SUPERIOR COURT OF NEW JERSEY APPELLATE DIVISION


July 31, 2009

MARLTON MEADOWS CONDOMINIUM ASSOCIATION, INC., PLAINTIFF-RESPONDENT,
v.
THERESA DIAZ, DEFENDANT-APPELLANT.

On appeal from Superior Court of New Jersey, Chancery Division, Burlington County, Docket No. C-00122-06.

Per curiam.

NOT FOR PUBLICATION WITHOUT THE APPROVAL OF THE APPELLATE DIVISION

Submitted May 13, 2009

Before Judges A. A. Rodríguez and Payne.

Defendant, Theresa Diaz, appeals from the denial of her motion to vacate a settlement with plaintiff, Marlton Meadows Condominium Association, Inc. (Marlton) pursuant to Rule 4:50- 1f. On appeal, defendant makes the following arguments:

I. THE CONDUCT OF MEDIATION WAS SUCH THAT A BINDING SETTLEMENT WAS NOT ENTERED INTO.
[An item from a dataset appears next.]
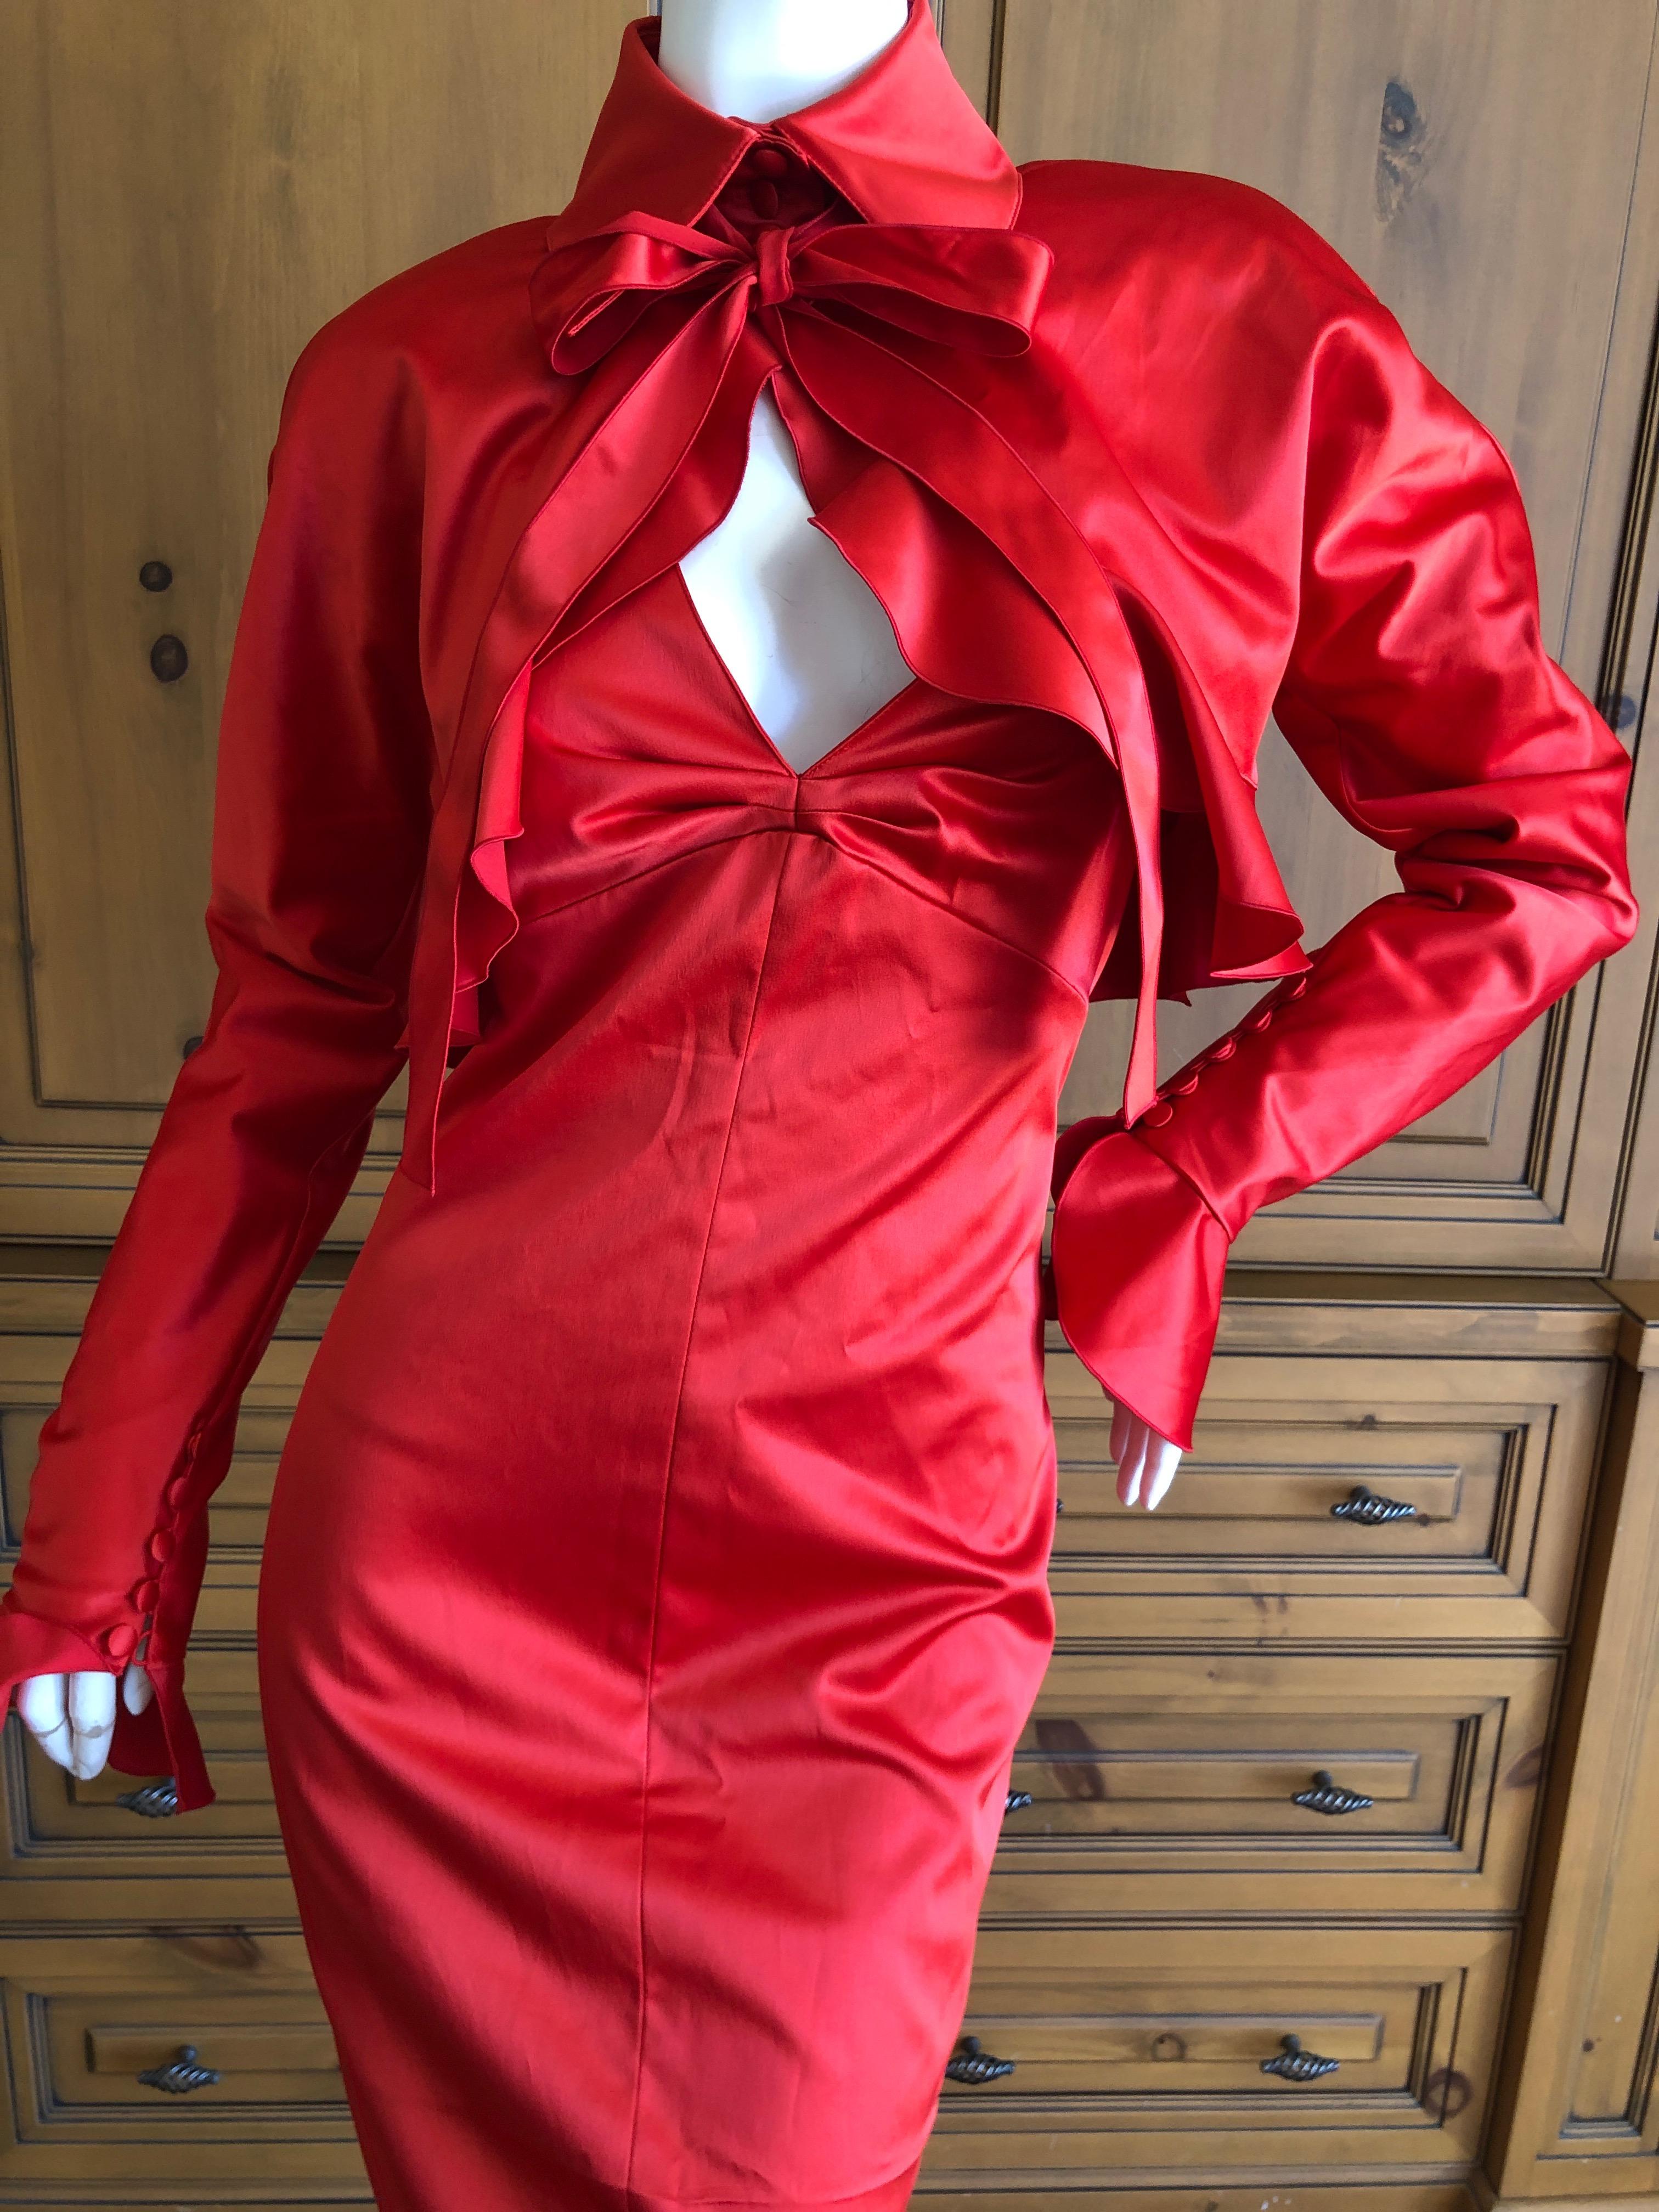 Karl Lagerfeld 1980's Red Evening Dress with Matching Jacket Lagerfeld Gallery 4

II. THE TRIAL COURT ABUSED ITS DISCRETION IN DENYING DEFENDANT'S MOTION TO SET ASIDE THE DISMISSAL.

III. THE MASTER DEED OF THE ASSOCIATION DEFINES THE WINDOWS IN QUESTION AS EXCLUSIVE PROPERTY OF THE OWNER.

IV. MISCONDUCT OF THE ASSOCIATION ATTORNEY IN FAILING TO CITE TO THE MASTER DEED PROVISION IN THE COMPLAINT, ALONG WITH THE DEFENDANT'S ATTORNEY'S SIMILAR FAILURE CONSTITUTES LEGAL MALPRACTICE WHICH JUSTIFIES THE APPLICATION OF R.4:50-1(f) SO AS TO VACATE THE DISMISSAL AND THE AGREEMENT.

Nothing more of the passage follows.